Powerful use cases for AI in marketing – right now
AI has been around in marketing for years. Famously, Facebook and Google advertising are governed by machine-learning algorithms, and Amazon has used AI to design personalized experiences for far longer. That said, personalization, in general, will continue to be an area where AI can provide value, particularly in determining the right content — the type of content and messaging — to put in front of users.
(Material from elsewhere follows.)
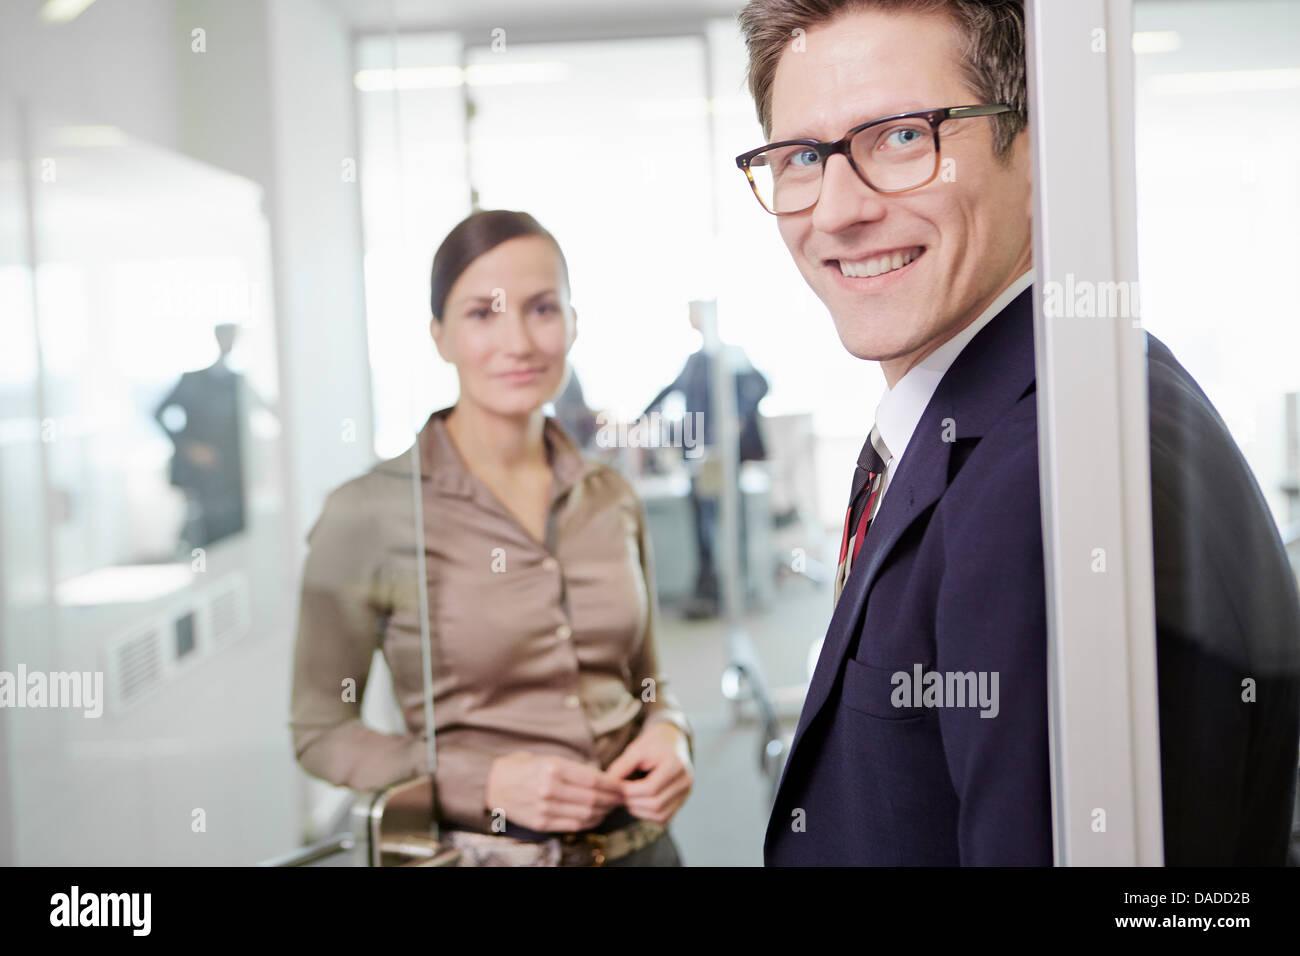 Hombre y mujer vistiendo trajes de negocios de pie en el marco de la puerta de la oficina Imagen De Stock

Whether it’s chatbot-produced text or AI-produced videos or images, AI’s power lies in its speed (create and use assets almost instantaneously, with no uploads or storage steps). Let’s say you’re Kellogg’s and advertising a kids’ and an adults’ cereal — you can personalize creative to show your adult audience ads for each: a table of happy kids eating the first cereal and a healthy-looking adult eating the second.
Essentially, if you get first-party data in the mix and understand how to use the demographic and interest-based information you have in tandem with AI, you can put effectively personalized creative in front of your users at scale without thinking about it. (Although once everyone’s doing that, the next layer of human creativity atop the AI-produced creative will be the differentiating factor.)
AI is also the backbone of predictive analytics and an important marketing sub-discipline, media mix modeling (which enables marketers to understand which channels should get their budget and what results they should expect). But while AI is the engine for the analysis, marketers need to provide the right fuel (data input) and steering (data interpretation and follow-up decisions and actions). In other words, marketers need to ask the right questions, assess the analysis to make sure it’s logical, and take action on the analysis by building and optimizing media campaigns.
Whether in marketing or other disciplines ripe for disruption by technology, few technologies have the power to change an industry’s trajectory. ChatGPT and other AI innovations are impressive on many levels, but their full potential will only be realized when smart people apply themselves to leveraging the technology to create a new productivity baseline.